_REQUIRED ACTION_
Without reproducing any image, print the listing below exactly.

_GIVEN DATA_
--

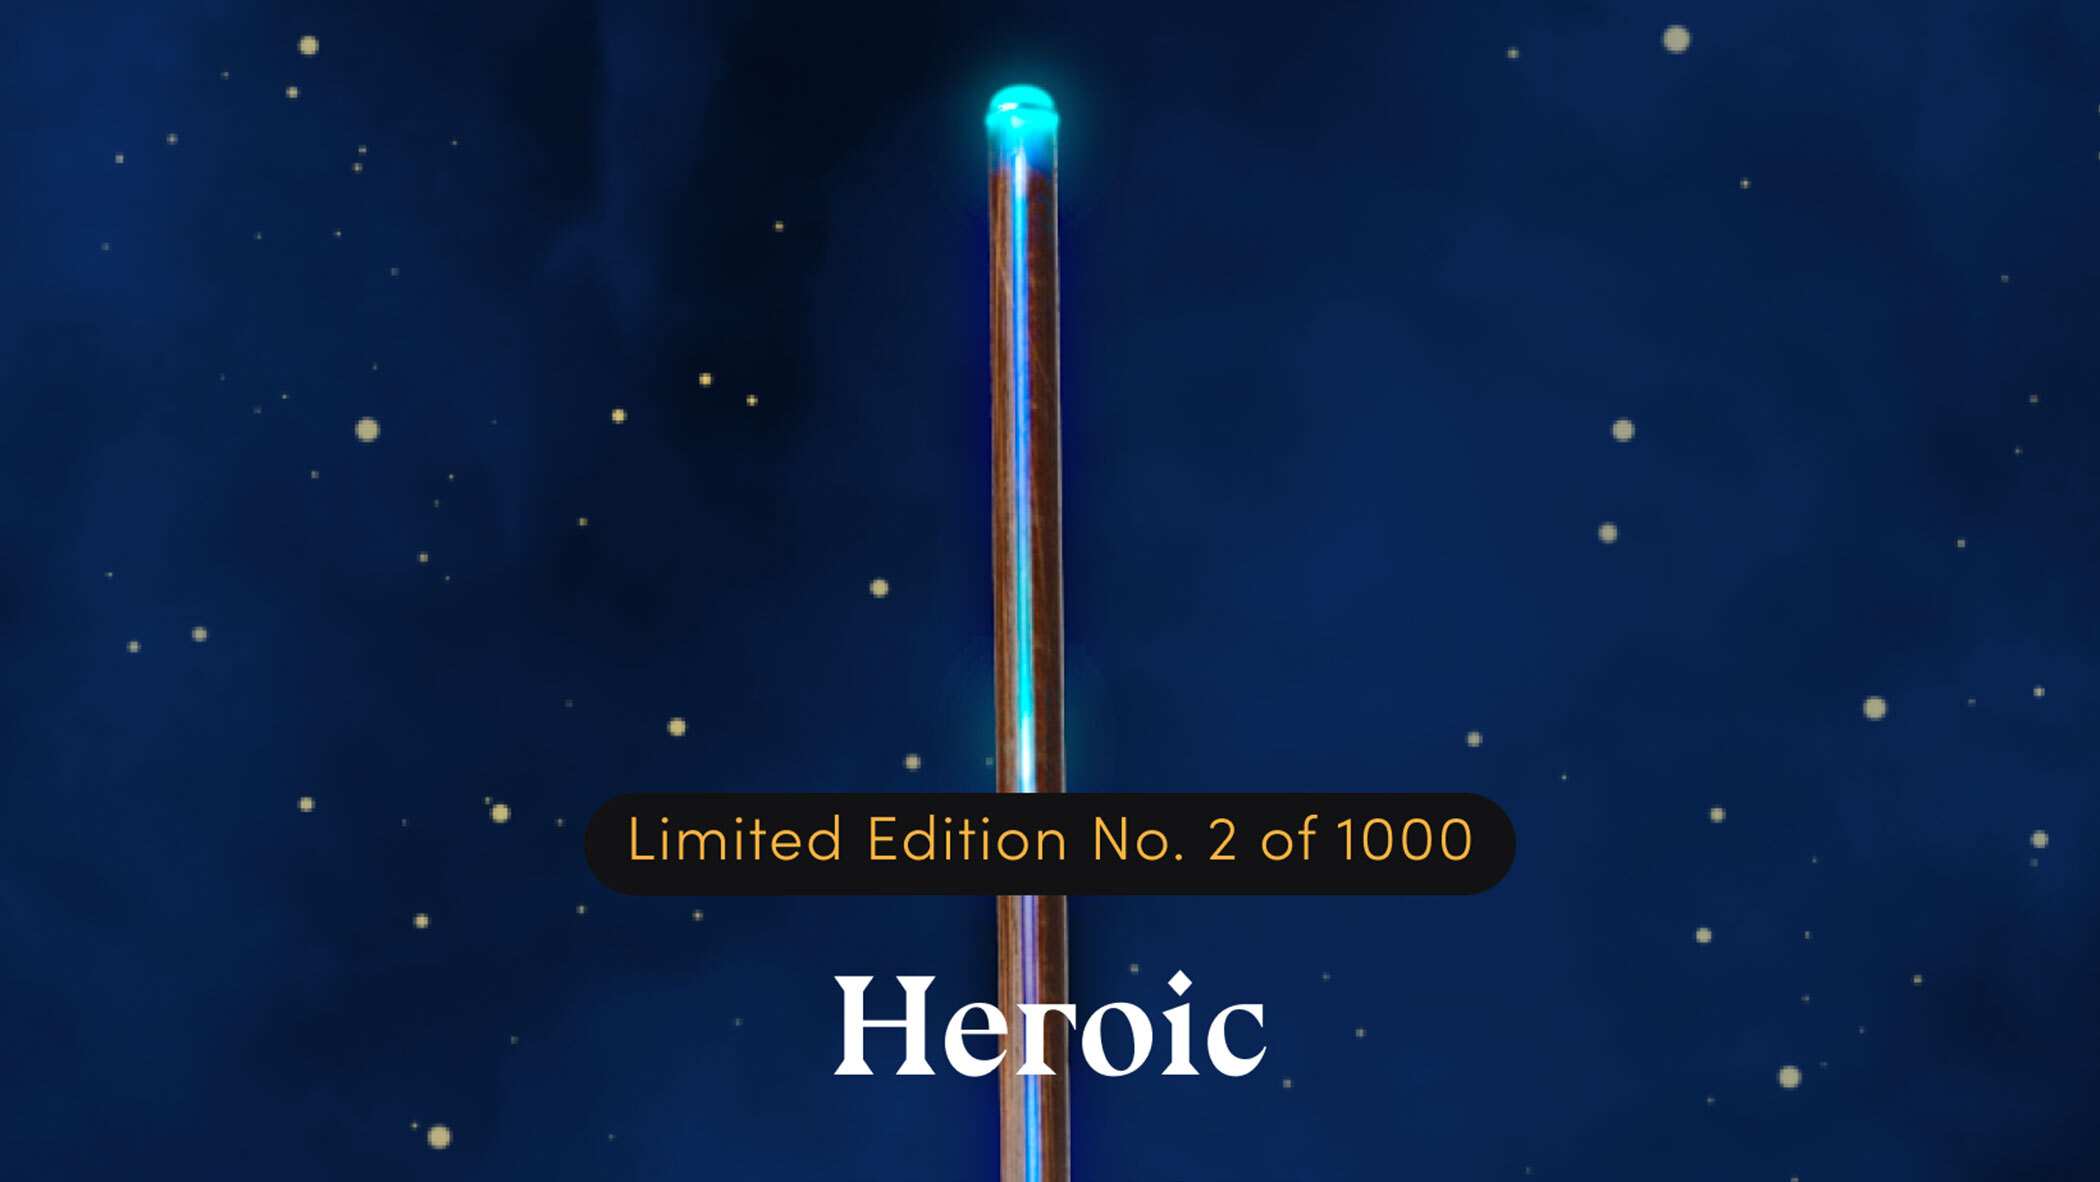 Heroic_Limited_Edition_Number_2100x1182
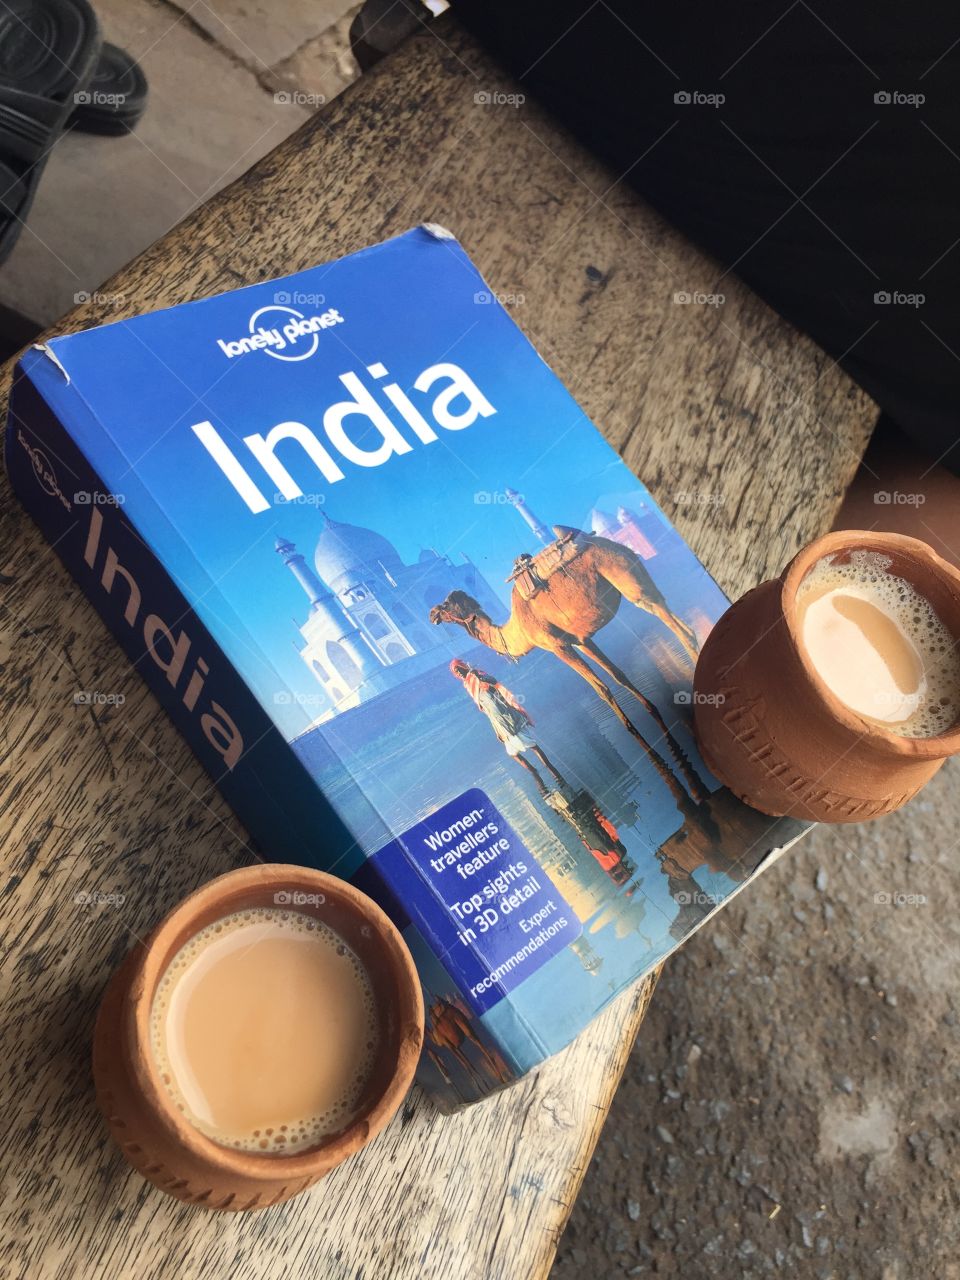 Enjoying chai tea at every street stall while traveling India! 
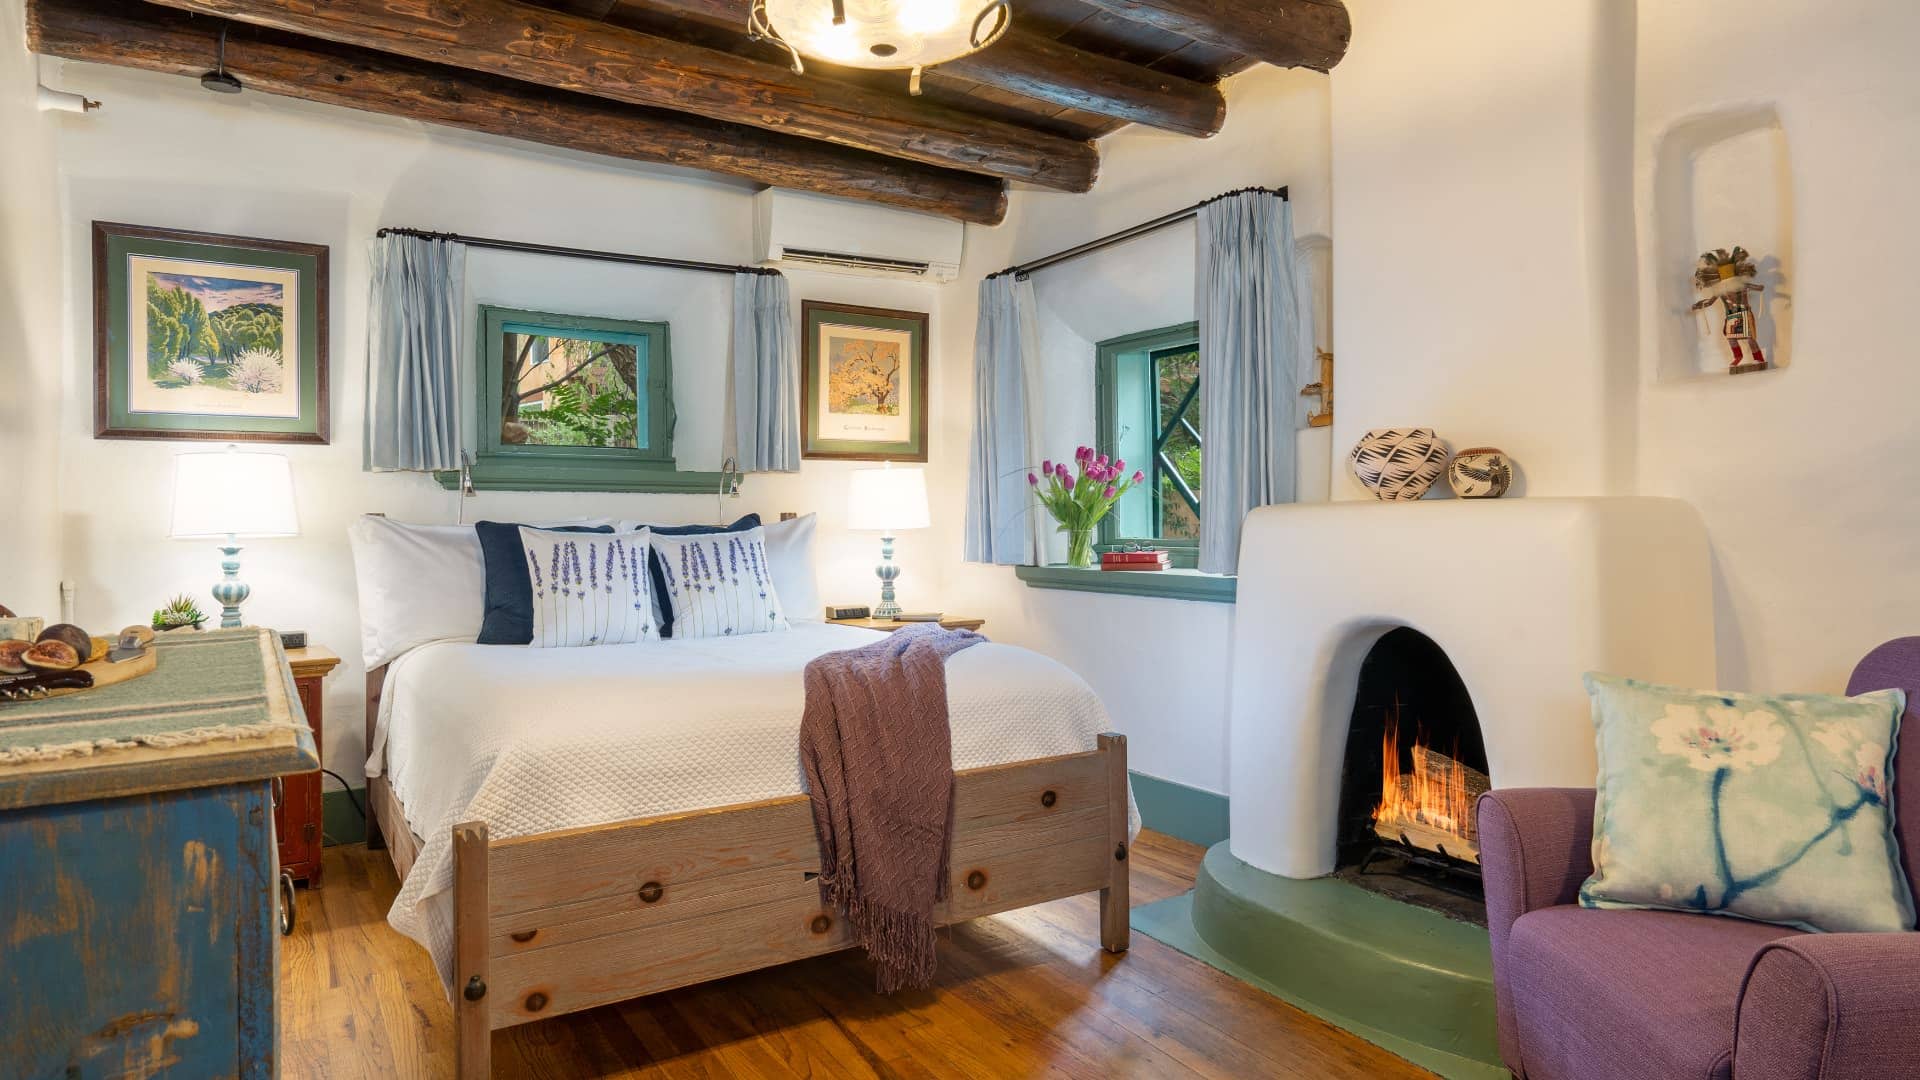 Cozy bedroom with southwest-style furniture, pueblo-style fireplace, bed made up in white and mauve armchairs.

--

_RESULT OF THE EXERCISE_
 Heroic_Limited_Edition_Number_2100x1182
 Enjoying chai tea at every street stall while traveling India! 
 Cozy bedroom with southwest-style furniture, pueblo-style fireplace, bed made up in white and mauve armchairs.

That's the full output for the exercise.